The symptoms of tuberculosis are usually related to the place where the bacteria are found, with respiratory symptoms such as a dry and bloody cough, chest pain and difficulty breathing being more common.

It is important that the person consults the infectious disease specialist or the general practitioner as soon as the first symptoms suggestive of tuberculosis appear, as this is how it is possible to start early treatment, which is usually done with a combination of antibiotics.

main symptoms

The symptoms of tuberculosis are mainly related to the development of the bacteria in the lungs, there may be a dry and persistent cough with or without blood, weight loss, chest pain when coughing and difficulty breathing.

However, when the bacteria develops in other organs, it is possible that other symptoms such as excessive tiredness, night sweats, fever and swelling where the bacteria are installed may appear. Learn about other symptoms of tuberculosis.

types of tuberculosis

According to the place where the tuberculosis bacteria settles and develops, tuberculosis can be classified into a few types, the main ones being:

  • Pulmonary Tuberculosis: It is the most common form of the disease and occurs due to the entry of the bacillus in the upper respiratory tract and accommodation in the lungs. This type of tuberculosis is characterized by a dry and constant cough with or without blood, with coughing being the main form of contagion, since the droplets of saliva released through coughing contain Koch’s bacilli, which can infect other people;
  • miliary tuberculosis: It is one of the most serious forms of tuberculosis and occurs when the bacillus enters the bloodstream and reaches all organs, with a risk of meningitis. In addition to the lung being severely affected, other organs can also be;
  • bone tuberculosis: Although not very common, it occurs when the bacillus manages to penetrate and develop in the bones, which can cause pain and inflammation, which is not always initially diagnosed and treated as tuberculosis;
  • ganglionic tuberculosis: It is caused by the entry of the bacillus into the lymphatic system, and may affect the nodes of the chest, groin, abdomen or, more often, the neck. This type of extrapulmonary tuberculosis is not contagious and curable when treated correctly;
  • pleural tuberculosis: It occurs when the bacillus affects the pleura, tissue that lines the lungs, causing intense difficulty in breathing. This type of extrapulmonary tuberculosis is not contagious, however it can be acquired by coming into contact with a person with pulmonary tuberculosis or be an evolution of pulmonary tuberculosis.

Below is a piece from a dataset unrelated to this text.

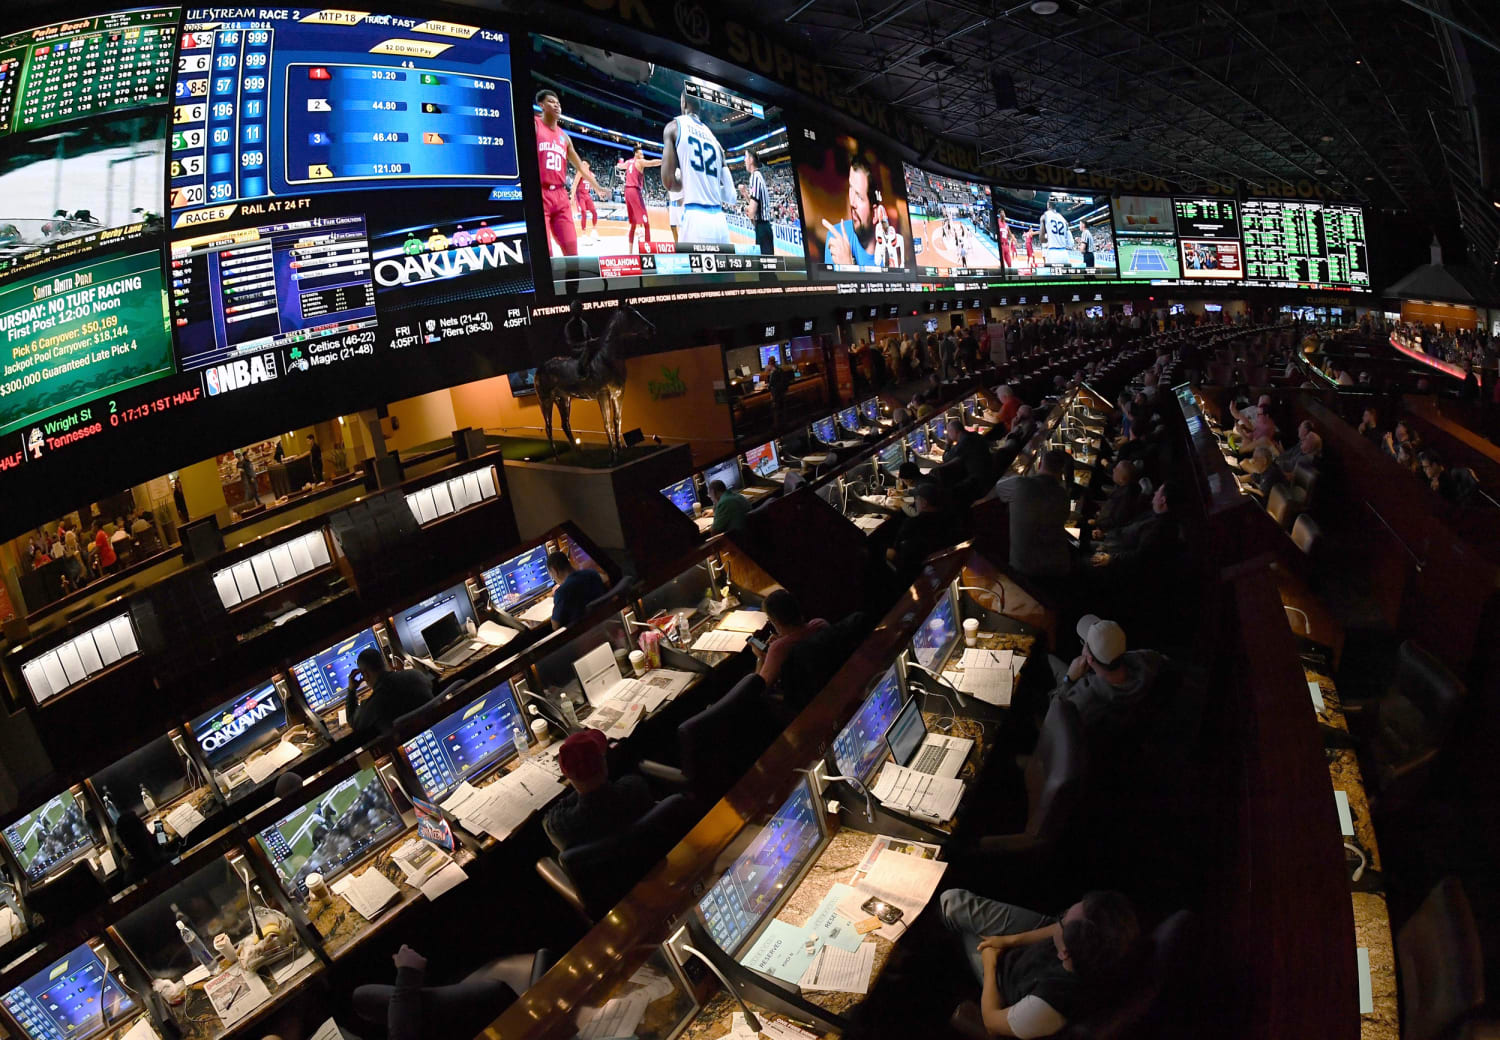 What Do You Want Best Sport Betting Site To Become?

It is important that the type of tuberculosis is identified by the infectious disease specialist or general practitioner according to the symptoms presented by the person and the results of tests, as it is possible that the appropriate treatment can be initiated to combat the bacteria and, thus, prevent the development of the disease. disease and complications.

In the case of pulmonary tuberculosis, the diagnosis can be made by performing a chest x-ray and examination of the sputum with a search for the tuberculosis bacillus, also called AFB (Alcohol-Acid Resistant Bacillus) screening. To diagnose extrapulmonary tuberculosis, a biopsy of the affected tissue is recommended. A tuberculin skin test, also known as a skin test, can also be performed. mantoux or PPD, which is negative in 1/3 of patients. Understand how PPD is made.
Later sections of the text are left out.